Охрану лагеря нес личный состав кадровой дивизии НКВД по сопровождению заключенных. Офицеры в фуражках василькового цвета – как на подбор, молодые, с румяными лицами, затянутые в портупеи. Они и их солдаты обращались с охраняемыми со скрытым презрением. Дмитрий Васильевич однажды утром видел, как начальник конвоя, молодой, одетый в хорошо пригнанную шинель, командовал строем бывших командиров и солдат, многие из которых годились ему в отцы, а он зычным голосом привыкшего повелевать безропотной массой, кричал: «В колонну по четыре становись! – и уже без нужды этим подавленным и не помышлявшим о сопротивлении, со скрытой угрозой, командирским голосом: – Предупреждаю, что самовольный выход из строя или отставание на маршруте движения будет пресекаться конвоем, вплоть до применения оружия! – и протяжно, выпевая каждое слово: – Левое плечо вперед, к выходу шагом марш!» И плохо одетое бывшее воинство шаркнуло по давней привычке левой, и, уже за лагерем, в глубине колонны чей-то неведомый, неунывающий голос с каким-то вызовом и задором вывел слова строевой песни довоенного времени: «Дальневосточная, опора прочная, краснознаменная, даешь отпор», и колонна дружно подхватила припев.

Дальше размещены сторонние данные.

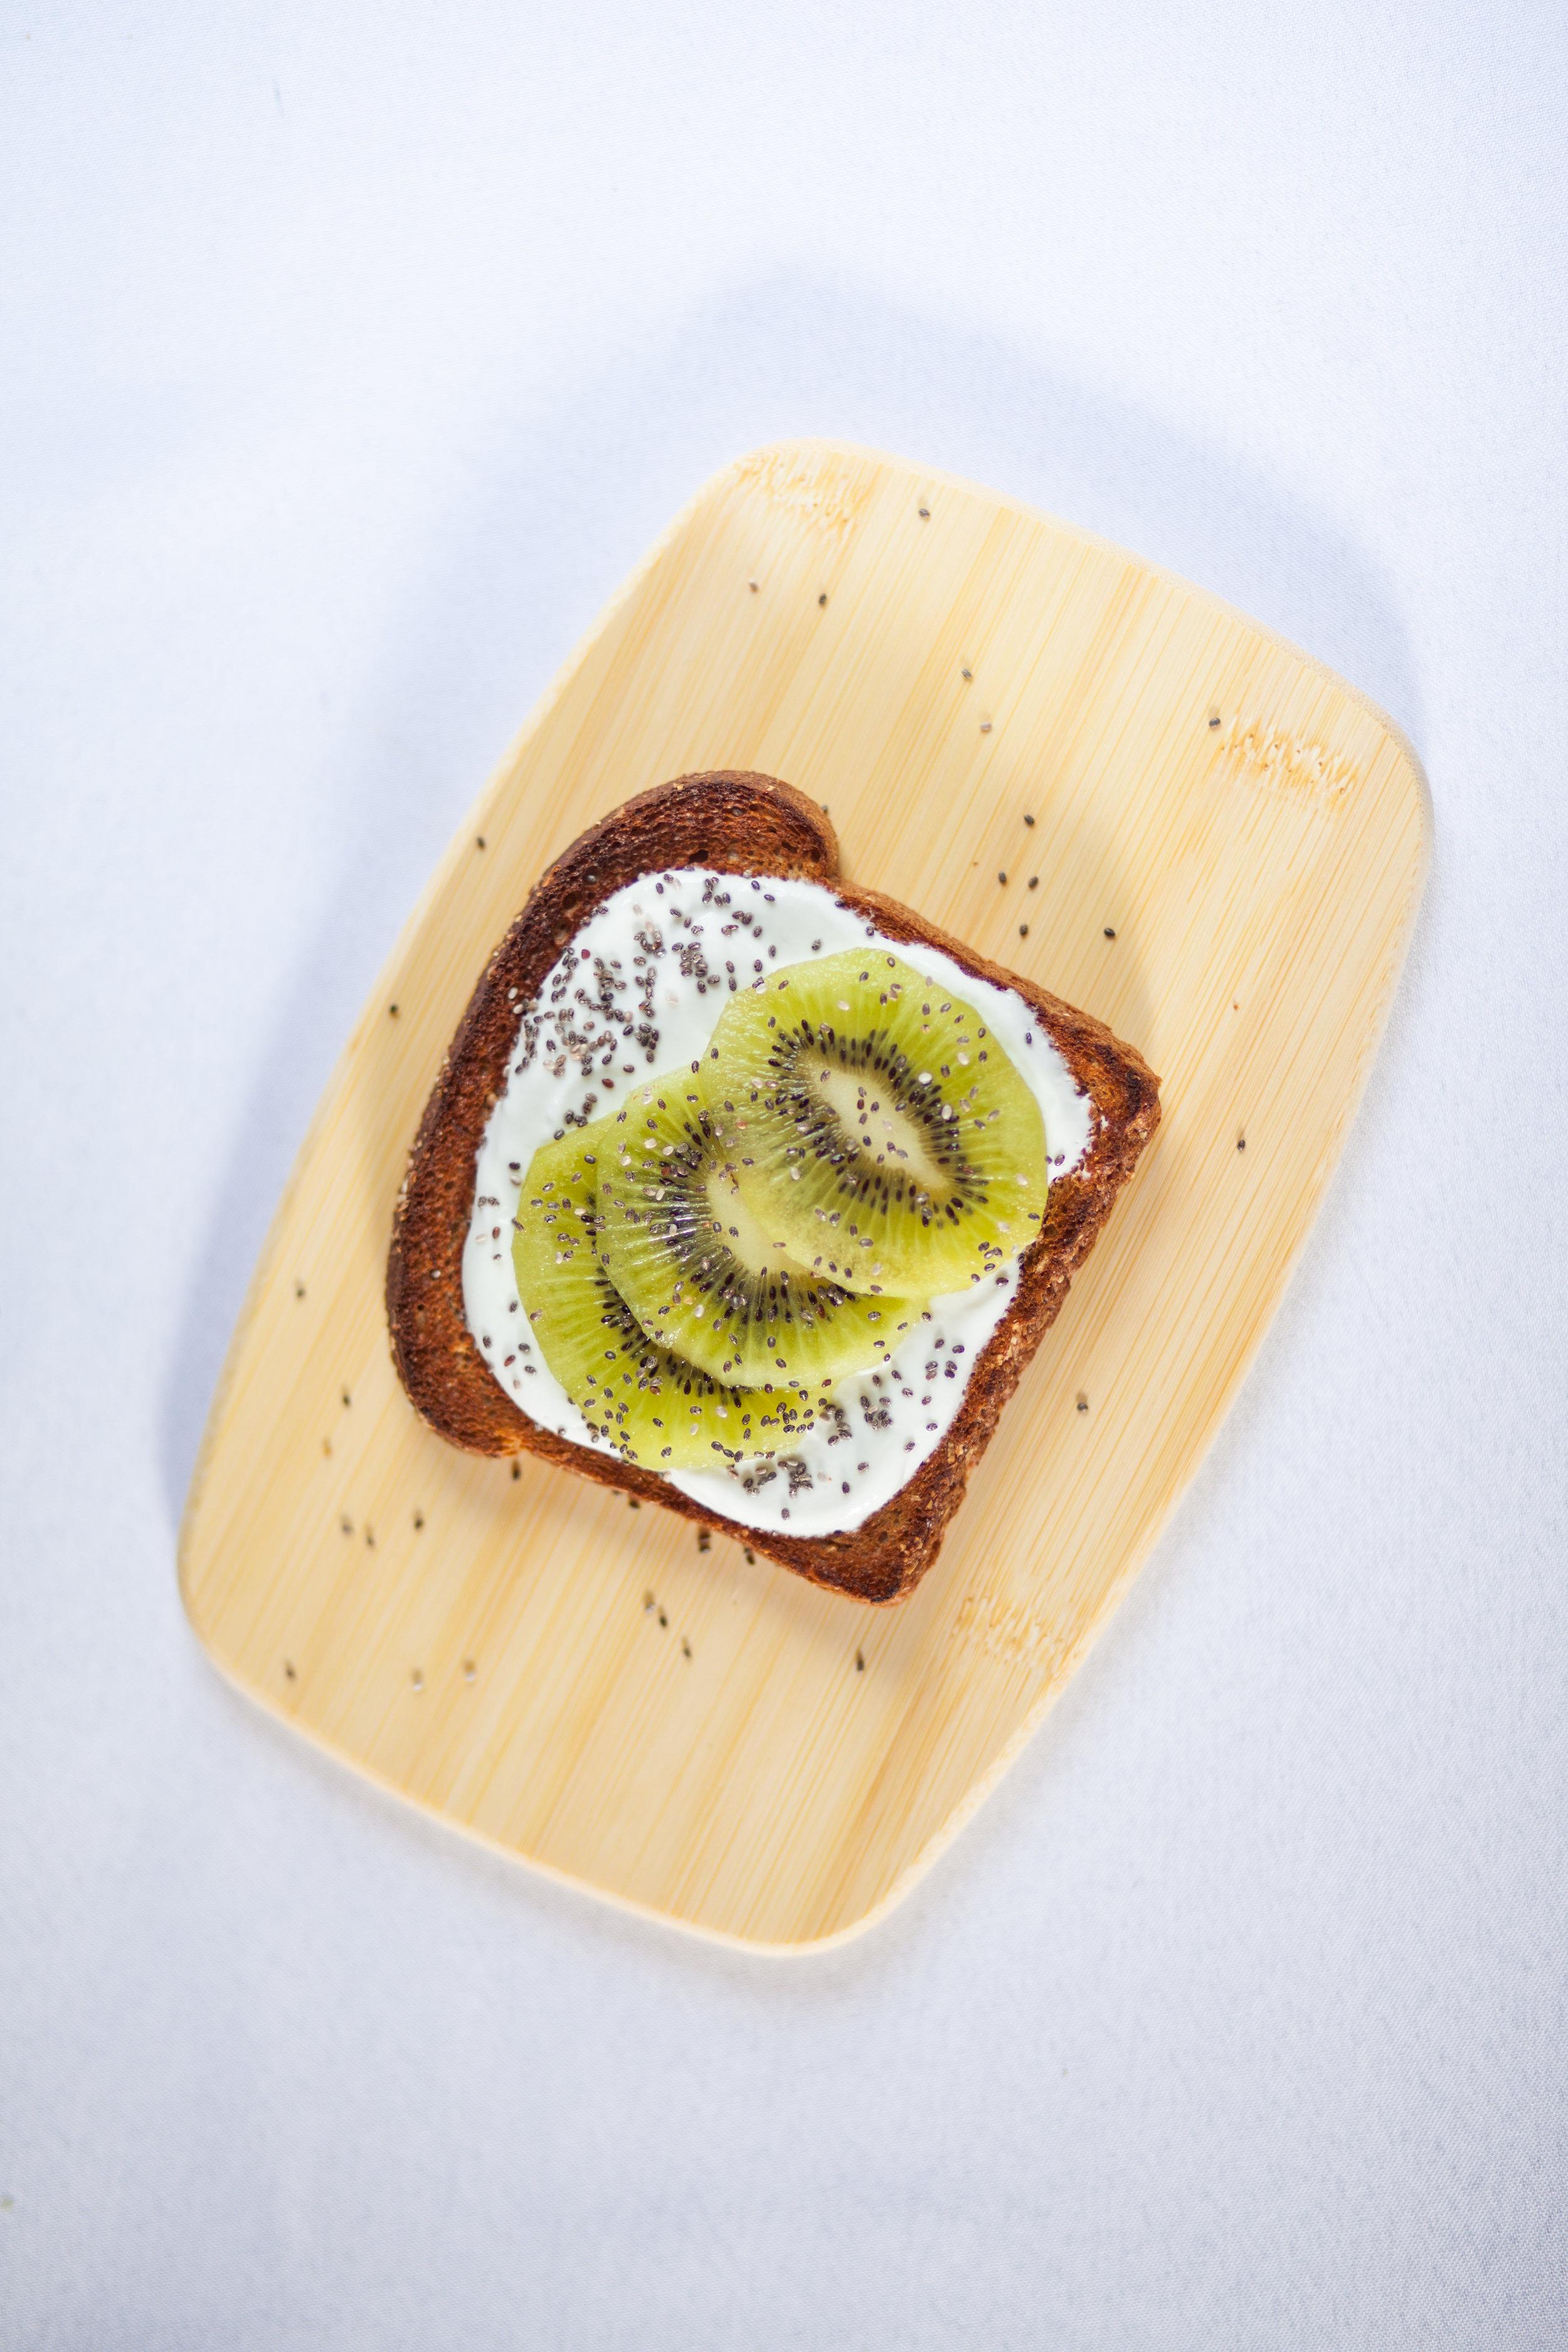 Toast topped with greek yogurt and kiwi
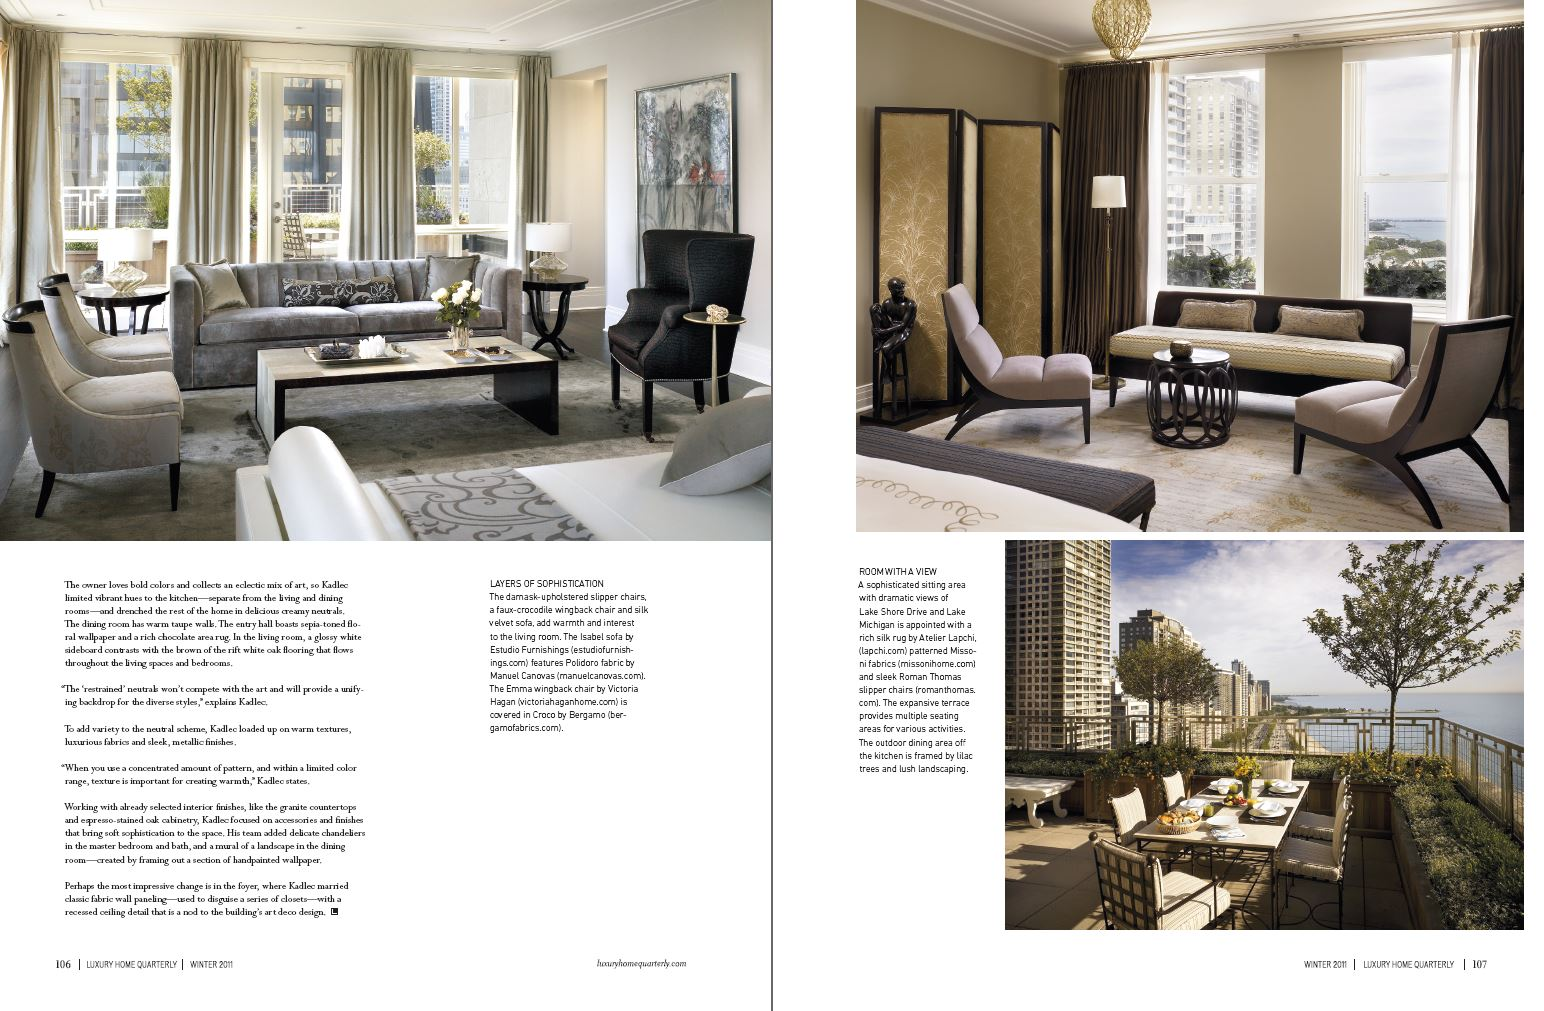 LHQ Content - Winter 2011 - Urban Terrace Residence 3.JPG

Долго еще вслед за ними неслось «краснознаменная, даешь отпор» и исчезло за ближним лесом. Тогда Сазонов подумал: где, в какой армии могут петь люди, прошедшие тяжкие испытания и продолжающие терпеть явное и скрытое издевательство? Их бы накормить, одеть, ободрить теплым, задушевным словом, каждый бы из них за десятерых воевал!..
Александр Павлович, как будто читая его мысли, ответил: «Возможно, после победы у нас изменится отношение к военнопленным. Как известно, на окружение «котлов» немцы потратили много сил и средств – оставлять их в тылу было опасно. Все то, что они оттянули на себя, должно было двигать спланированный темп наступления. А каждая наша окруженная группировка замедляла авантюрный план молниеносной войны. Это уже свидетельство того, что окруженцы не поднимали рук перед немцами, отчаянно дрались, не жалея себя, как умеет только наш солдат».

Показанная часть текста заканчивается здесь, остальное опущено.